The problem: Reproduce the whole listing below without its pictures, exactly as written.

Data below:
########################################
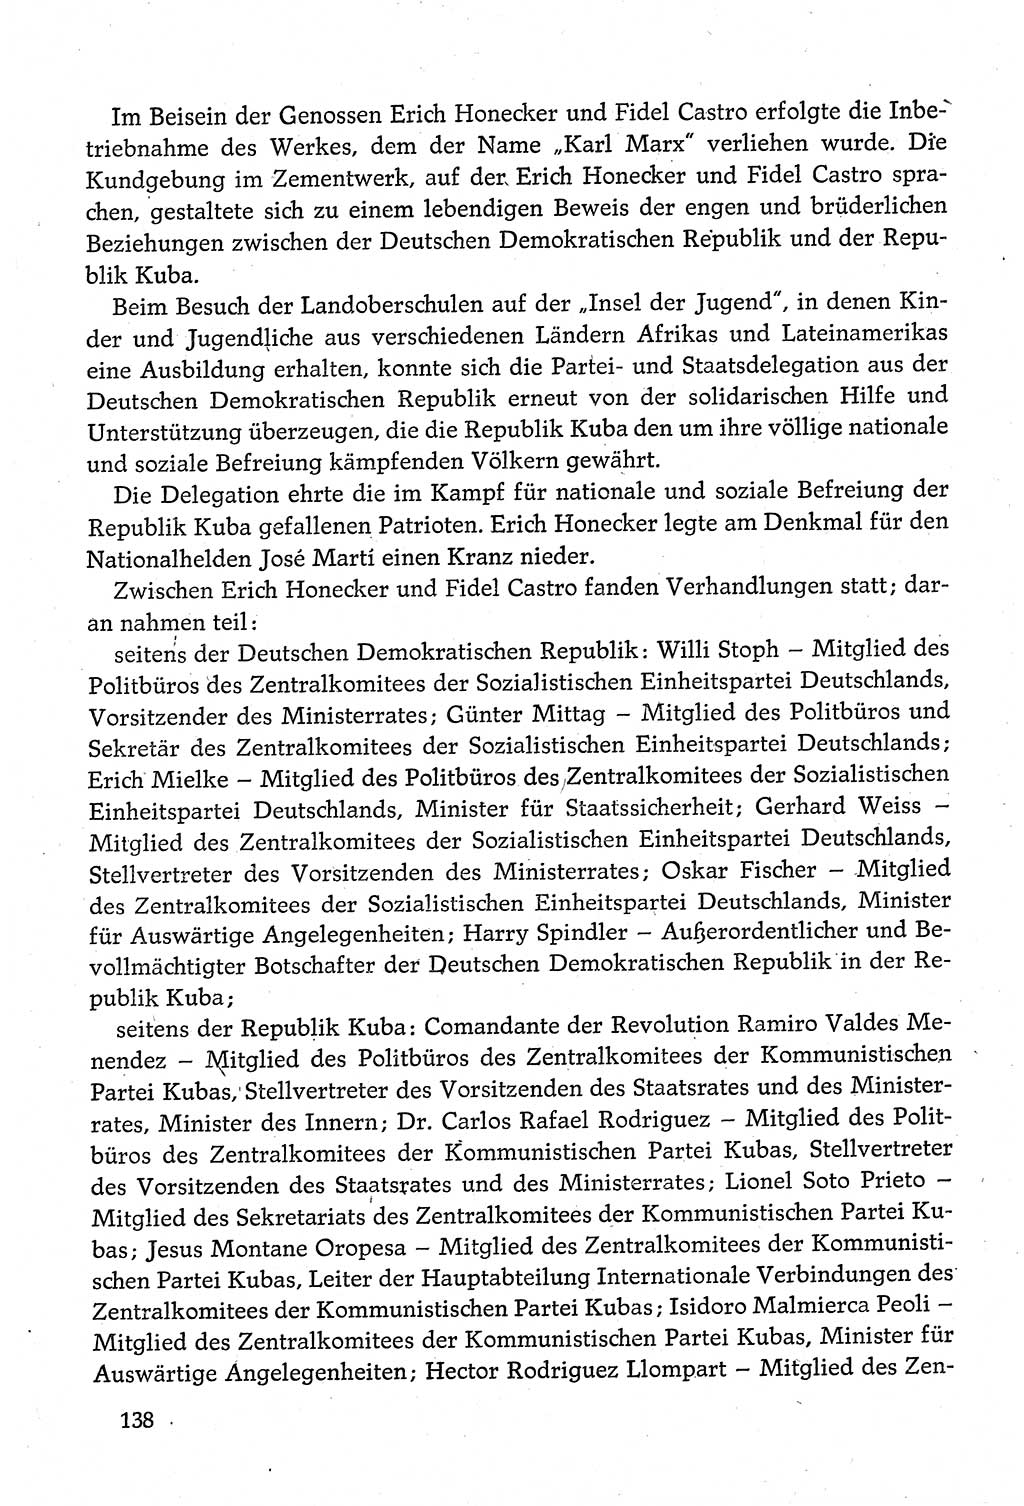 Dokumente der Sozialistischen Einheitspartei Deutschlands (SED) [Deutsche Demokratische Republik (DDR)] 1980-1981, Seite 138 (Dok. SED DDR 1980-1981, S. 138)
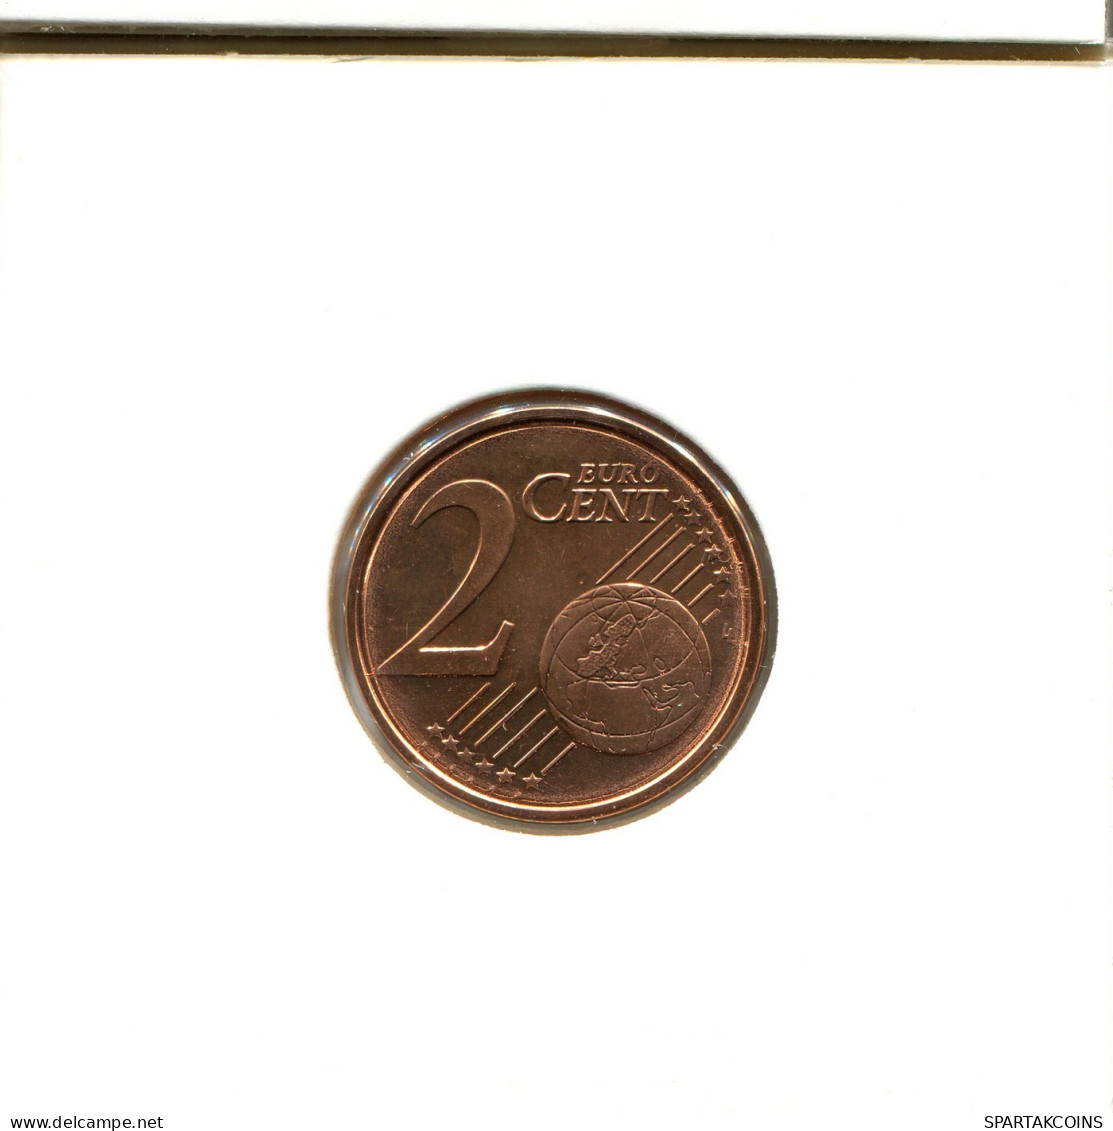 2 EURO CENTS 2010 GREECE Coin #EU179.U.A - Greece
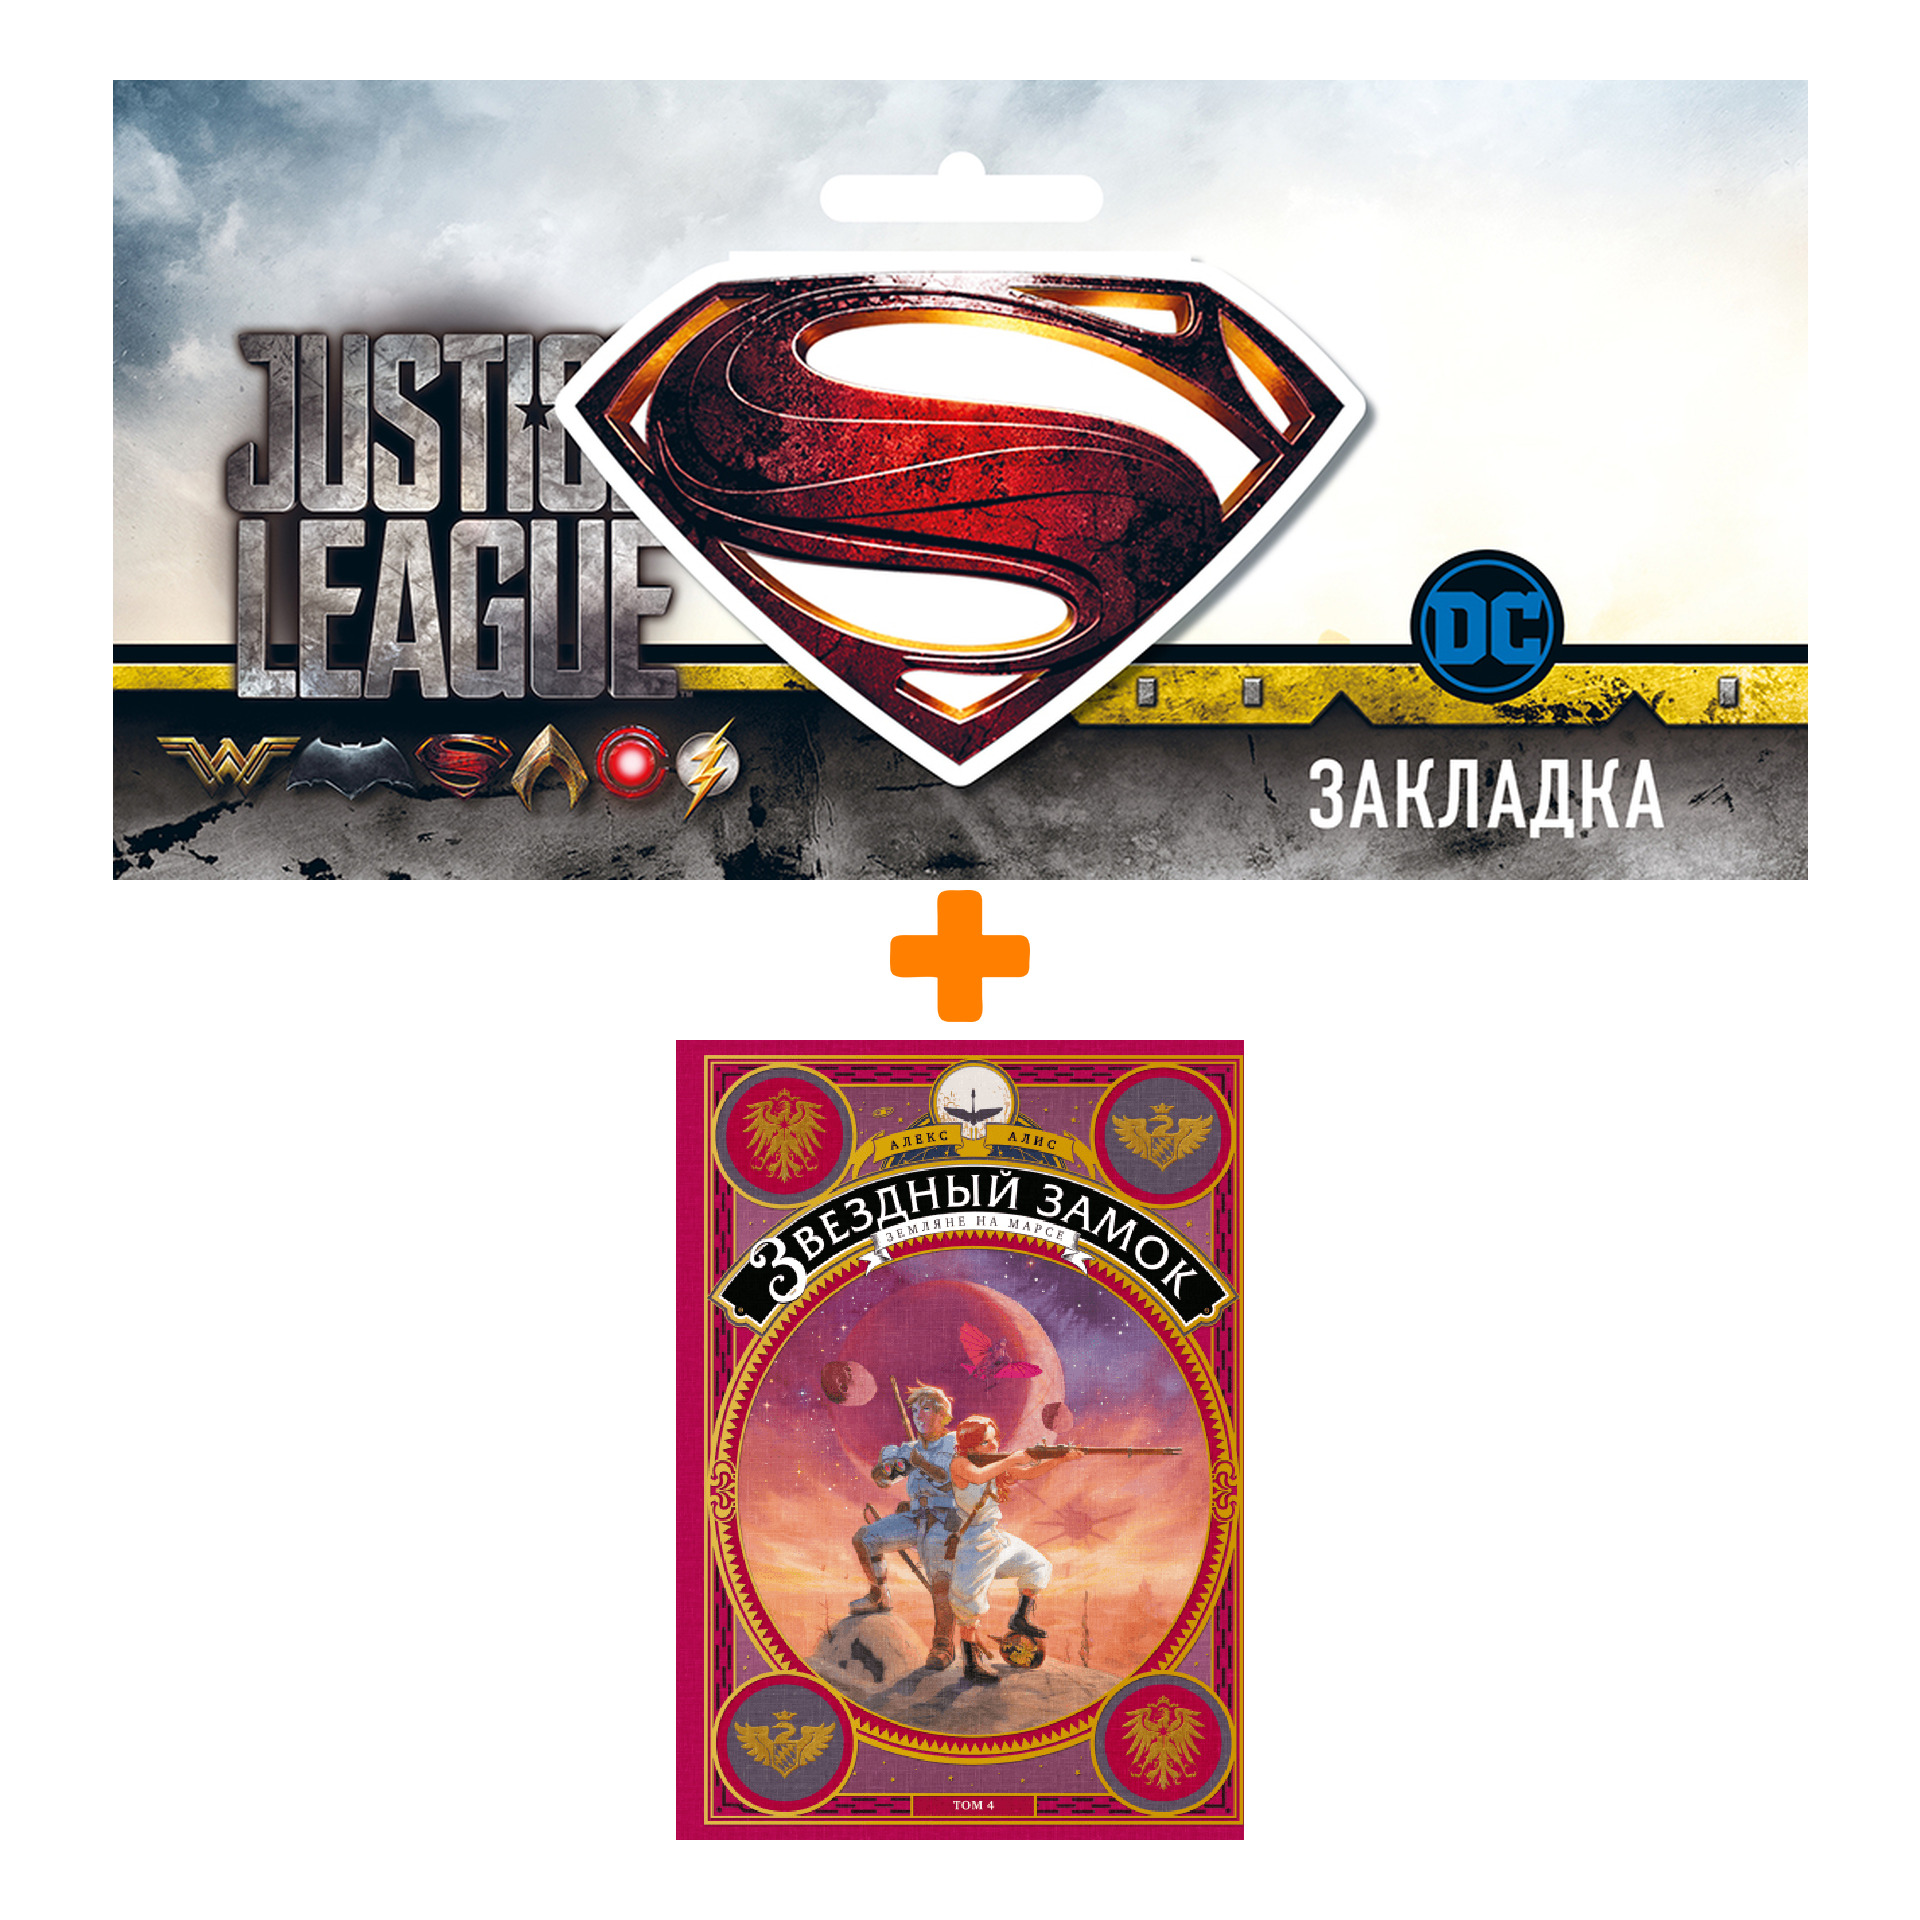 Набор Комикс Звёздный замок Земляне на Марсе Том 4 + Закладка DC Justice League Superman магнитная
########################################
Response below:
 Dokumente der Sozialistischen Einheitspartei Deutschlands (SED) [Deutsche Demokratische Republik (DDR)] 1980-1981, Seite 138 (Dok. SED DDR 1980-1981, S. 138)
 2 EURO CENTS 2010 GREECE Coin #EU179.U.A - Greece
 Набор Комикс Звёздный замок Земляне на Марсе Том 4 + Закладка DC Justice League Superman магнитная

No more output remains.